# Boer doe and show goat feed. Make my own or already made?



## DappledBoers (Feb 10, 2013)

I am looking for answers from crossroads, toth boers, and tenacross and any other boer breeders and showers that have been doing it for a while. 

I've been feeding an 18% sweet feed that is mixed by a local boer breeder but I don't want sweet feed and I don't like the way she does things. She not very passionate about her goats. 

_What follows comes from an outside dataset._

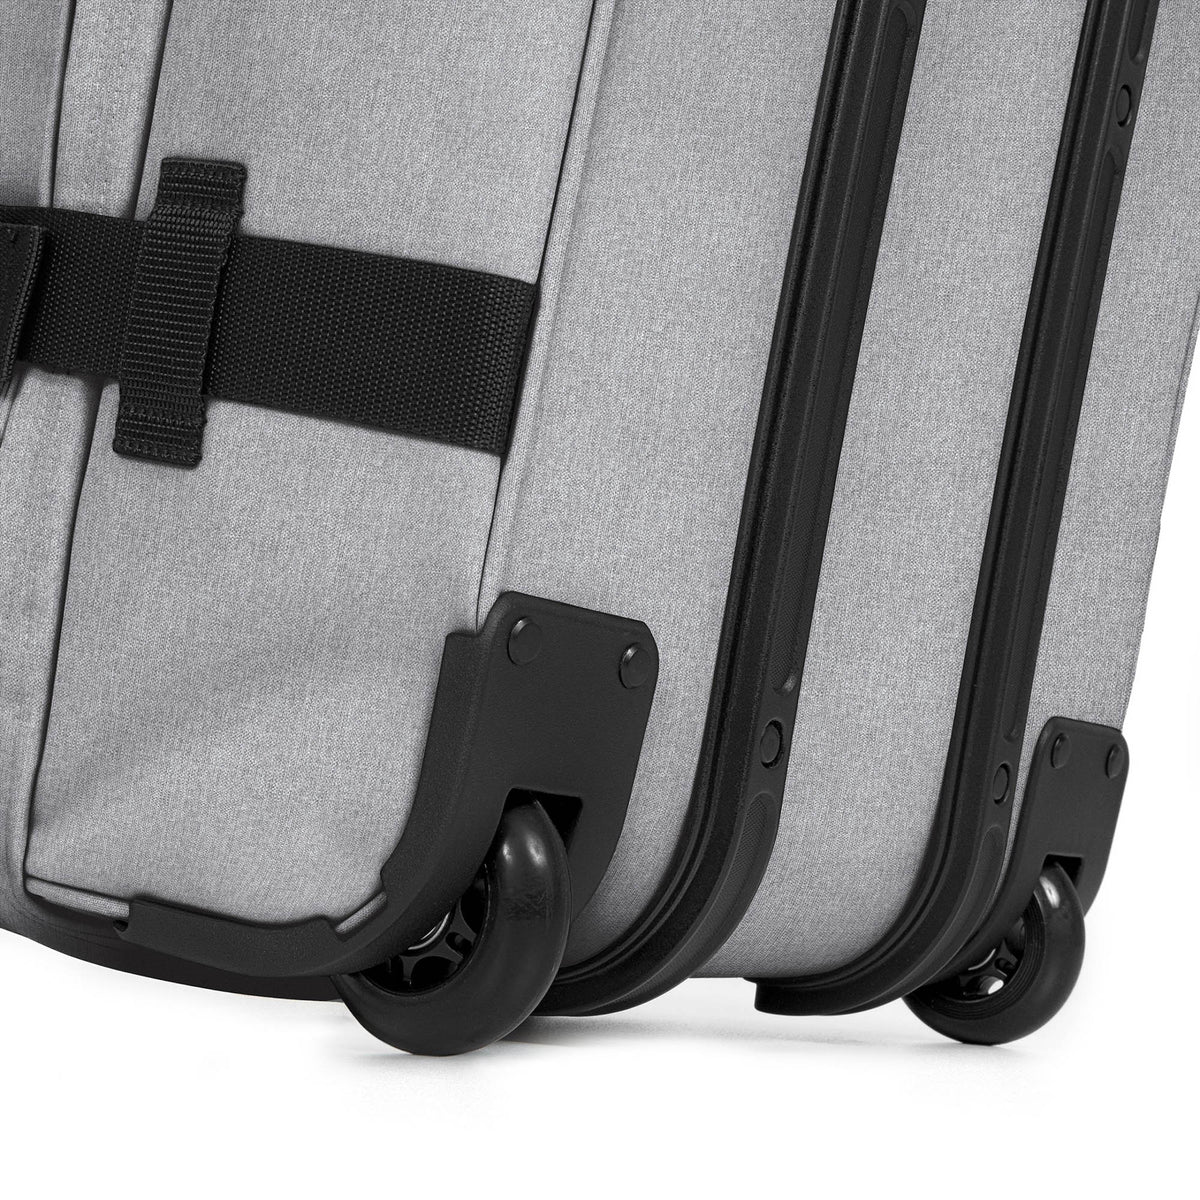 Eastpak Transit'R L Suitcase - Sunday Grey

So my questions are do you guys mix your own? If so if you would be so kind to give me your recipe so I can look at it, and if you buy feed where from and what brand??? All the elevators around me only sell sweet feed or dumor and purina goat chow


----------



## ksalvagno (Oct 6, 2009)

Hopefully they will come on soon to let you know. I believe there is a thread on here somewhere where one or more of them said what they were feeding.


----------



## nancy d (Oct 5, 2007)

We don't have enough goats to warrant having it mixed.
Boer Goat Developer R20 from CHS Nutrition is what we feed. It _is_ medicated. It contains monensin; potentially fatal to horses.
We add a handful of BOSS to each serving.


----------



## Dani-1995 (Mar 11, 2011)

I don't have enough to mix a feed (two does and five show wethers). I use Honor Show Chow Exclamtion. It works nicely but is pricey (18.50 for a 50lb bag).


----------



## Tenacross (May 26, 2011)

I don't have a special mix either. I feed Purina Noble Goat Grower 16 RM 20. It's similar to what Nancy D feeds. I've experimented some with adding supplements, but didn't see enough difference in my goats to warrant the extra expense. Dappled, if you have a feed store that sells Purina Goat Chow, they should be able to get Noble Goat Grower for you. Tell them you want the RM 20, not the DQ. 
http://www.circlecsupply.com/media/productinformation/goat/purina/NOBLE_GOAT.pdf


----------



## DappledBoers (Feb 10, 2013)

They carry it at tsc.. Is this the right stuff or the wrong stuff? It say the medication for coccidia starts with a d...


----------



## GTAllen (Jul 22, 2012)

We don't get to show as often as we would like but this what I feed:

Show does get Essential Showdoe 16%p 6%f or Showrite Doelicious 16% 4%f, both are top dressed with Supremo Supercharge(like calf manna just cheaper) and Cocosoy. I also feed some alfalfa
Show wether prospects get a high protein show wether feed until I can get rid of them. Usually Showrite Grand Drive. No hay
Show buck prospects get feed like a doe but with free choice grass hay and no supercharger and very little cocosoy.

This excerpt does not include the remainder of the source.